Shared-mime checking order

Fri Feb 1 08:55:48 PST 2008

On Mon, 2007-09-17 at 22:16 +0200, David Faure wrote:
> On Tuesday 28 August 2007, Alexander Larsson wrote:
> > On Fri, 2007-08-24 at 16:44 +0200, Alexander Larsson wrote:
> > > This is my main problem with hi-priority sniffing. It either causes very
> > > bad performance behaviour in the file manager, or it adds user-visible
> > > confusion as to the type of some files.
> > > 
> > > I personally prefer to drop the hi-prio sniffing, and use sniffing only
> > > on conflicts and on extension match failure. This way you get only one,
> > > well defined, usable everywhere, canonical type (well, there is also the
> > > first-scan "fast mimetype", but you never open a file based on that).
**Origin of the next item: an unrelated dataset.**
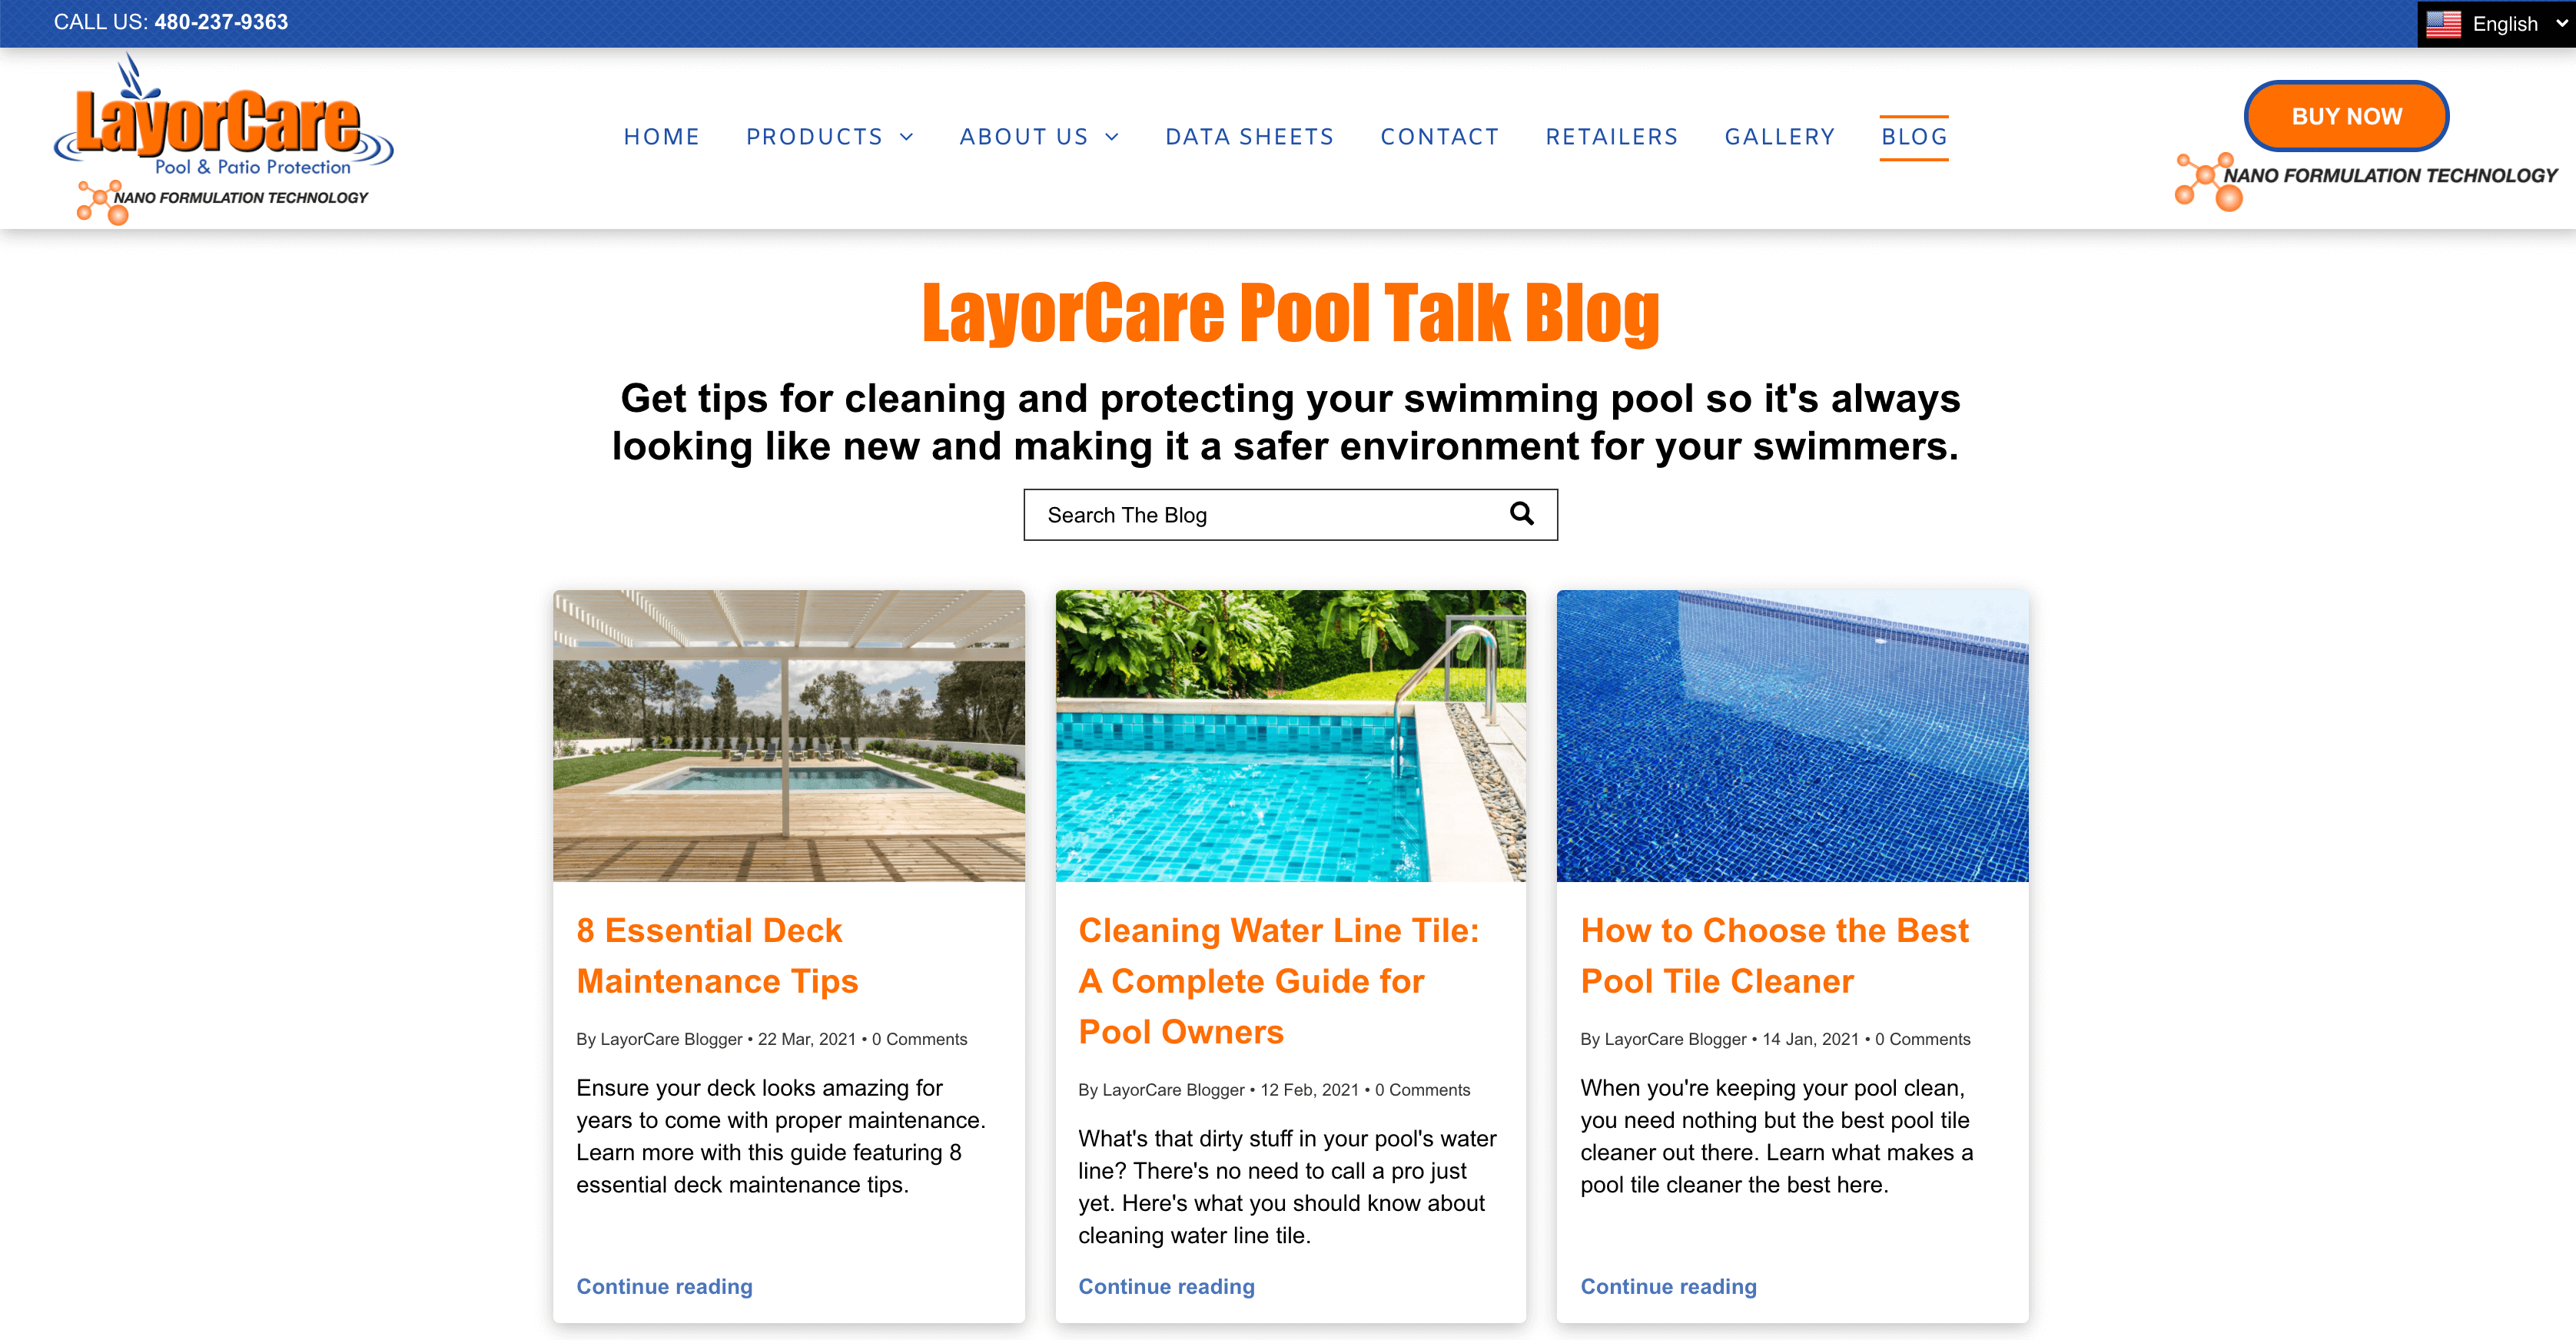 LayorCare pool talk blog

It
> > > also means that any user problem with file types is solvable by the user
> > > (just rename the problematic file).
> Agreed.
> 
> > Here is what I just implemented for gvfs:
> > 
> > If only one glob matches, use that
> > 
> > If no glob matches, sniff and use that
> > 
> > If several globs matches, and sniffing gives a result we do:
> >   if sniffed prio >= 80, use sniffed type
> >   for glob_match in glob_matches:
> >      if glob_match is subclass or equal to sniffed_type, use glob_match
> >
> > If several globs matches, and sniffing fails, or doesn't help:
> >   fall back to the first glob match 
> OK.
> 
> >   (maybe we should do something better here?)
> Can't think of any further heuristic, actually. Apart from using the "is text vs is binary"
> heuristic (already in the spec) to choose between a text-like and a binary-like format,
> but this is just one case.
> (and I thought we needed that until I realized that for the msword case we have
> x-ole-storage which is much better than just "is not text"; but maybe there's another
> case where we don't have a useful base mimetype).
> 
> > This algorithm only sniffs when there is some uncertainty with the
> > extension matching (thus, its usable for a file manager). 
> Yes.
> 
> And actually I think this is much more correct, not just faster.
> With the current spec, if I create a "infomation.txt" file that says
> "The tag to use for SMIL data is <smil>", then it would be detected as application/smil
> because of this high-priority magic rule:
>     <magic priority="80">
>       <match type="string" value="&lt;smil" offset="0:256"/>
>     </magic>
> We can't have that :) If it's information.txt then it's a text file for sure :)
> And if it has an unknown extension or none then we'll have a false positive here,
> but that's harder to fix. In any case this looks like a fragile rule for a 80-priority rule...

We should have a better magic instead, I guess. People get miffed off
when their files are being detected solely on the file type, eg. loading
a playlist from a crappy website that uses PHP, you end up with
a /tmp/file.php which is actually a playlist and should be handled as
such.